De acuerdo con Rutas del Conflicto, 79 personas fueron víctimas directas de la explosión; 48 de ellas eran menores de edad; 13 murieron en los hechos posteriores al atentado debido a la gravedad de las heridas y seis personas que estuvieron expuestas a la tragedia fallecieron de cáncer en los ocho años siguientes.
Por increíble que parezca, estos saldos en rojo de dolor y devastación pudieron ser peores, de no ser porque, justo en esa mañana de jueves -día de trabajo, estudio, y de actividades cotidianas para los habitantes de dicho municipio-, sí hubo presente un héroe, no con uniforme camuflado, armado con fusil o granada en mano. Se trataba de un hombre negro, con túnica blanca, biblia y con los despojos de un cristo en la mano: se llama Antún Ramos.

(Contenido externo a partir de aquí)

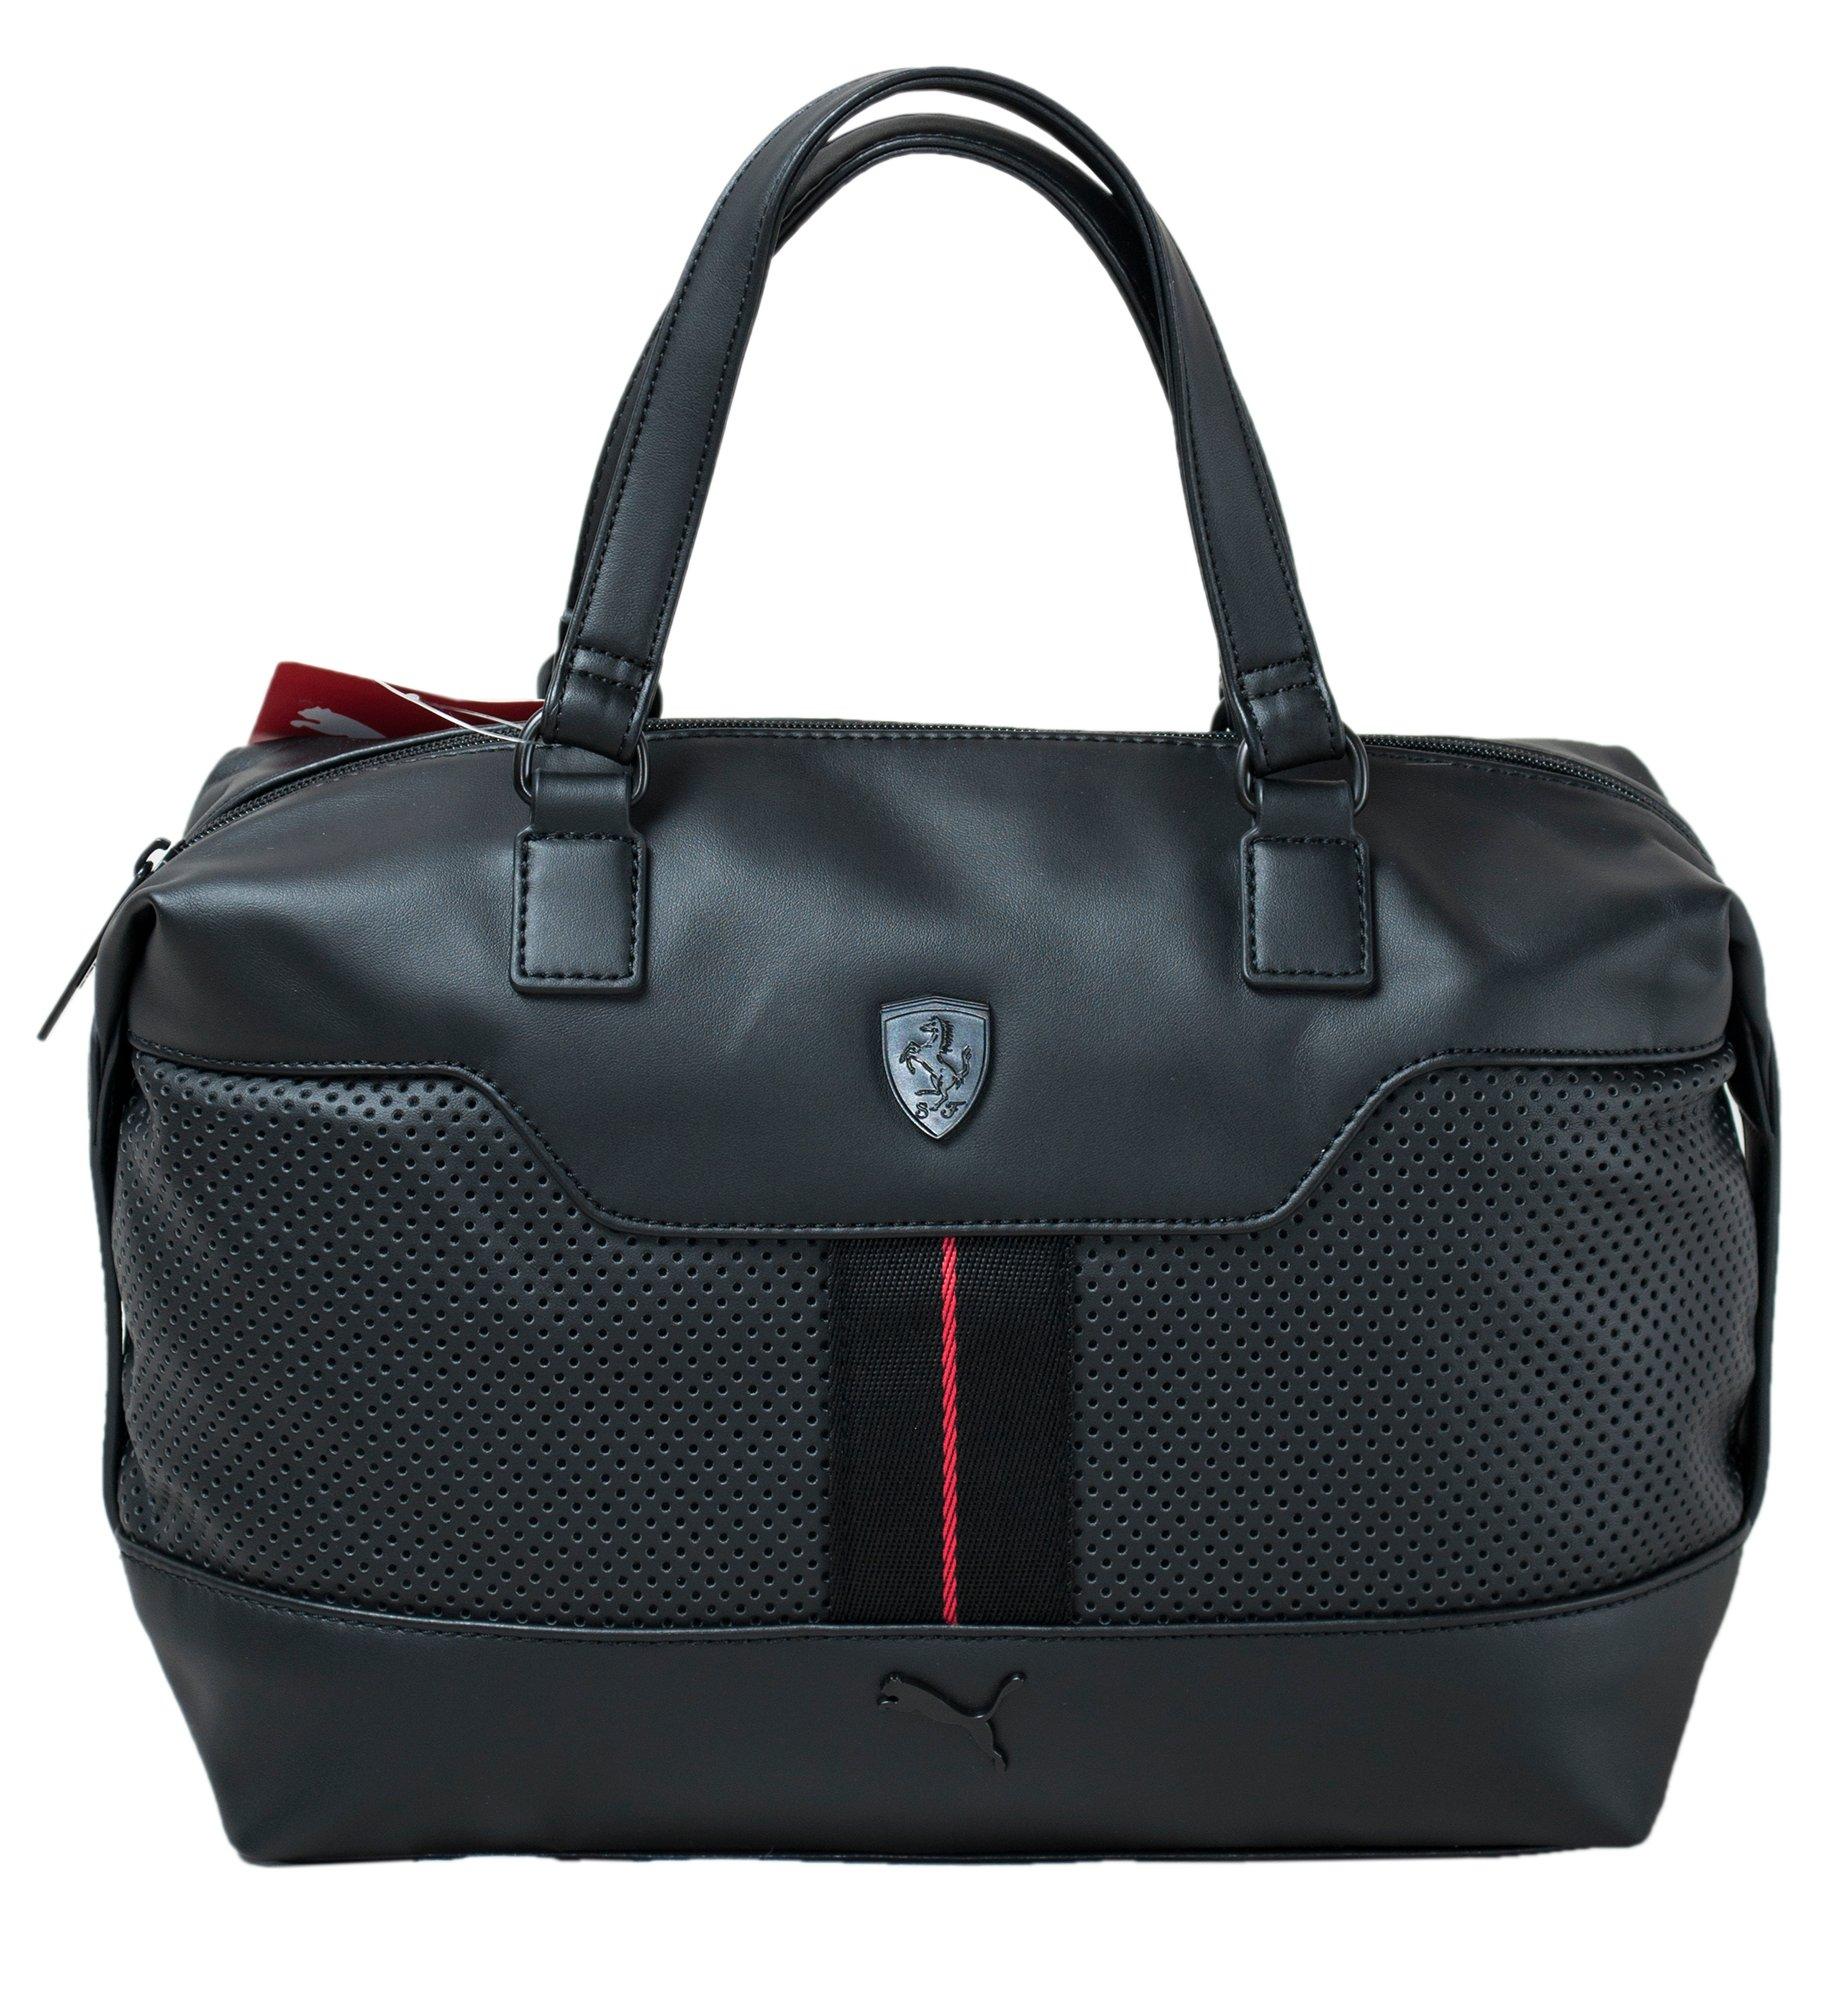 97e06074e33b6 FERRARI PUMA EKSKLUZYWNA torebka torba SUPER CENA na Bazarek.pl

Antún Ramos Cuesta, mejor conocido como el padre Antún Ramos, vivió, como sus feligreses y demás habitantes del corregimiento, el impacto de la explosión de la pipeta bomba. Resultó con una herida abierta en la frente, y sus pies, clavados por los restos de Eternit de las tejas que se despedazaron. Pero esto no le impidió escuchar a los sobrevivientes, inundados de terror, decir: “¿Qué hacemos, padre?“.
Así fue su relato a Infobae Colombia sobre su vida y versión de la historia que marcó a Colombia, y que coincide con muchos lugareños que vivieron la tragedia. Quedó plasmada en su libro Bojayá, relato del padre que sobrevivió a la masacre, que presentará en la Feria Internacional del Libro de Cali, el sábado 25 de octubre, a las 7:00 p. m., en el auditorio Colombia; libro del que tardó 23 años en escribir, porque de lo contrario, “habría causado mucho dolor”.

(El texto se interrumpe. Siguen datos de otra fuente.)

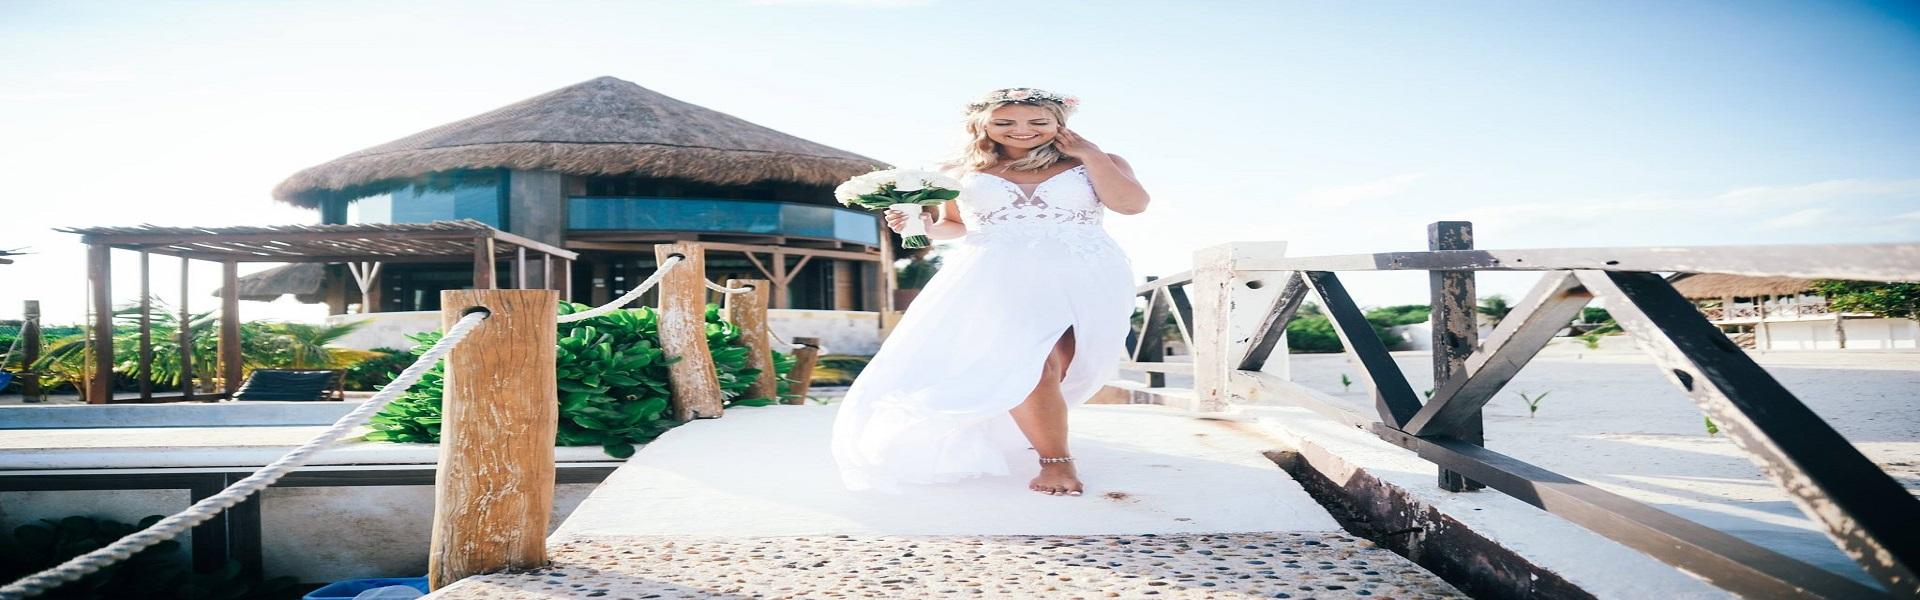 wedding beachvillasuites mexico

“Yo tenía 28 años. Yo llegué en el 2000 a Bojayá. Acá se aprende a nadar tirándose al agua. Tú vas viendo si esto funciona, esto no funciona, caminamos por aquí. Y por la misma historia que tenemos detrás, se facilitan ciertas interacciones, ciertas reacciones. Y fue así, en medio de toda esta situación, un pelado de 28 años, sin mucha experticia en temas de conflicto. Yo creo que tuve la lucidez, la tranquilidad y la gallardía para que esa tragedia, que no la producimos nosotros los campesinos, a pesar de que fue muy dañina, pudiera haber sido más grave”, relató a este medio.
Antún Ramos nació en 1973, en Bagadó (Chocó), un pueblo tranquilo de más de 10.000 habitantes, ampliamente creyente de la religión católica; con sus propias creencias y costumbres...

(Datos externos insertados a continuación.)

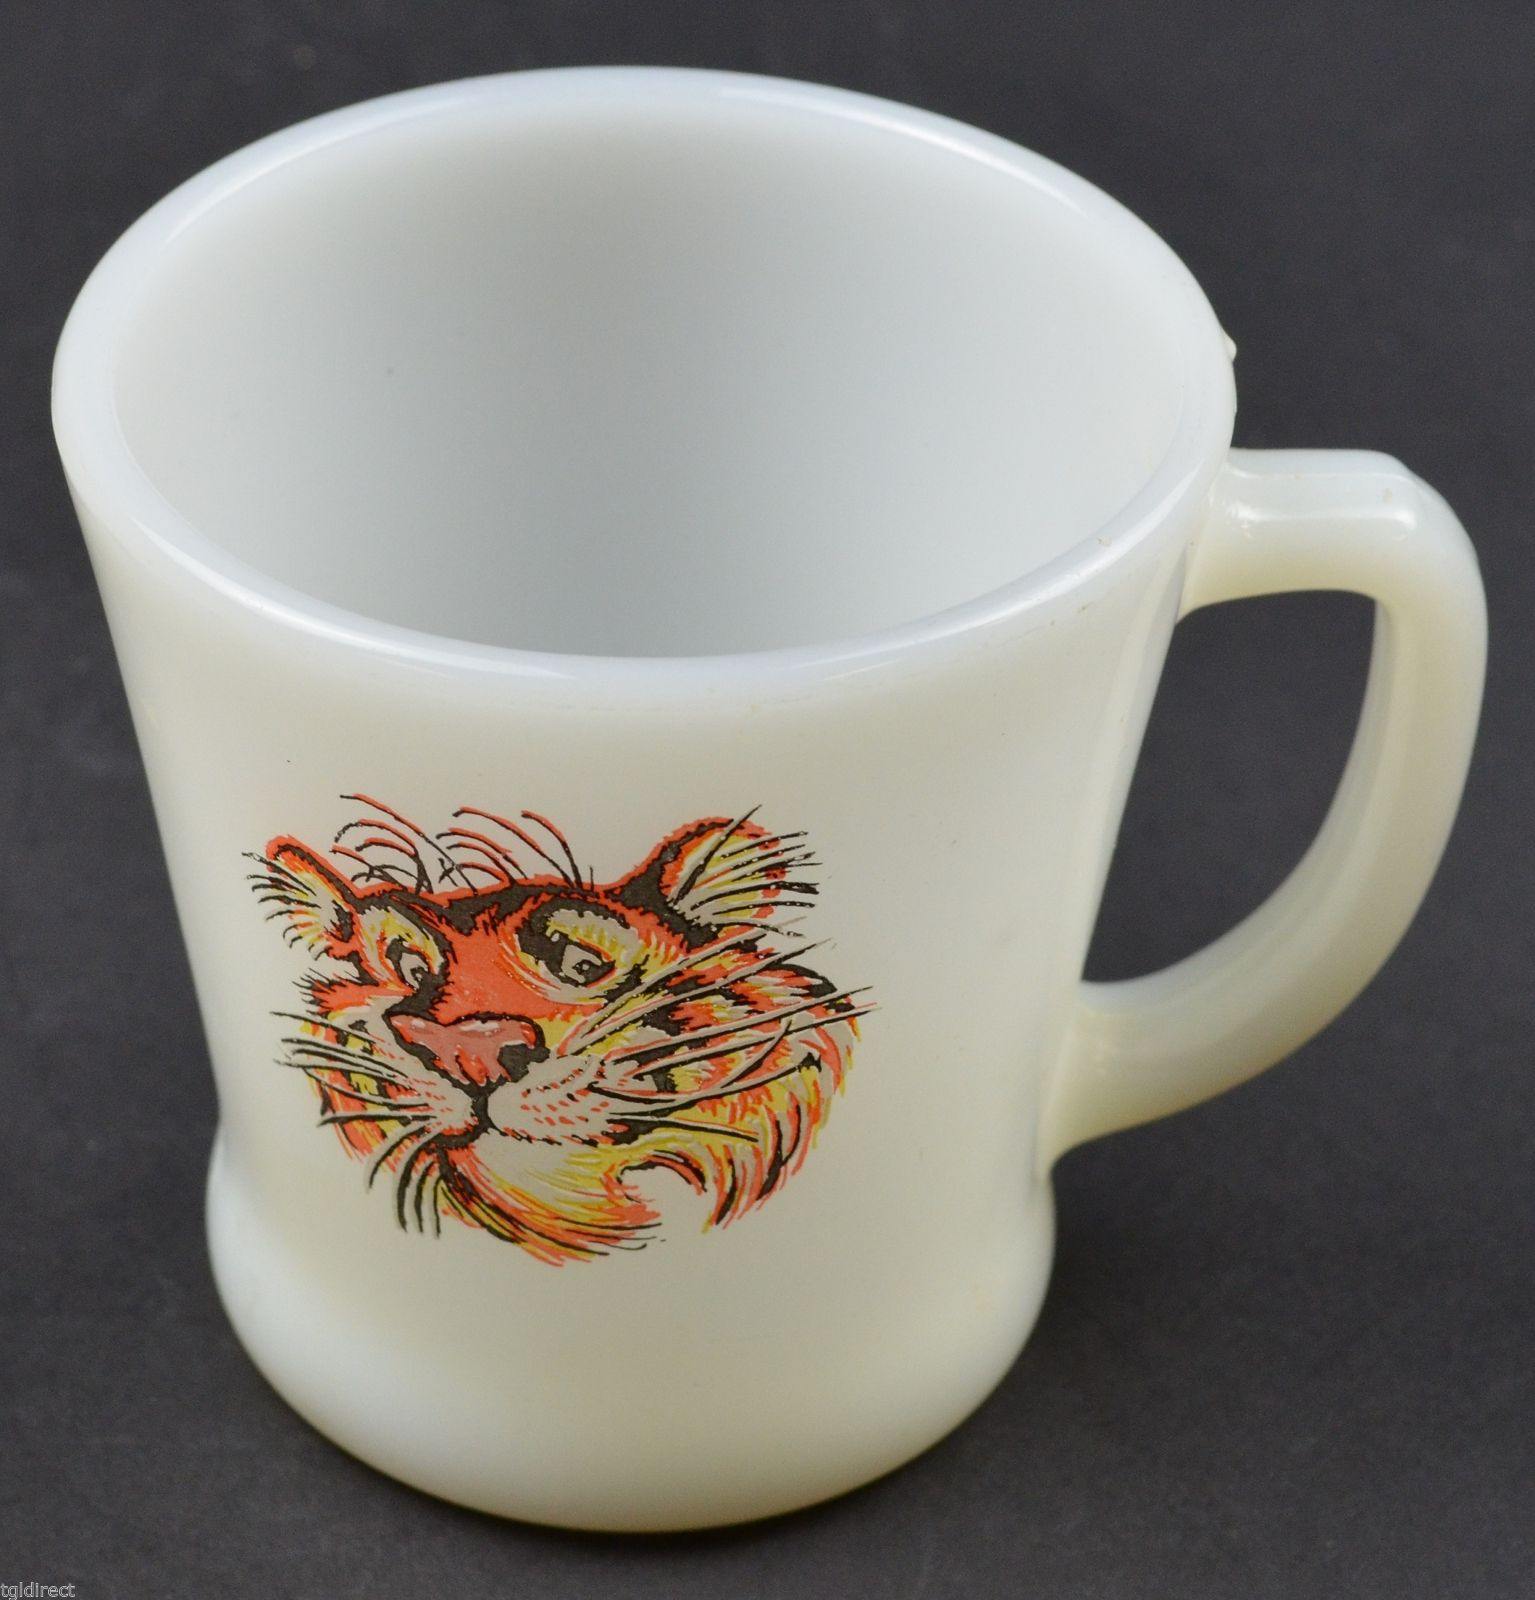 166a69ede74 Anchor Hocking Fire King Mug Esso Tiger Pattern 3.375

“El pueblo es muy bonito. Nosotros somos de cultura de río, entonces tienes un río espectacular, todavía no tan contaminado como otros ríos, hay algo de minería que contamina poco, pero todavía el río es fuente de vida, de proveerse de alimentos, de compartir y la gente es especia. Es un pueblo de una cultura y de tradición católica. Le damos toda la la importancia a la ritualidad católica, sobre todo en las fiestas patronales”, señaló.
Contó que durante estas celebraciones, las familias sacan su “mejor pinta”, la ropa nueva no se saca a presumir en diciembre, sino en estas fechas: del 25 de enero al 2 de febrero, cuando se celebra la Vírgen de la Candelaria, además de la Semana Santa.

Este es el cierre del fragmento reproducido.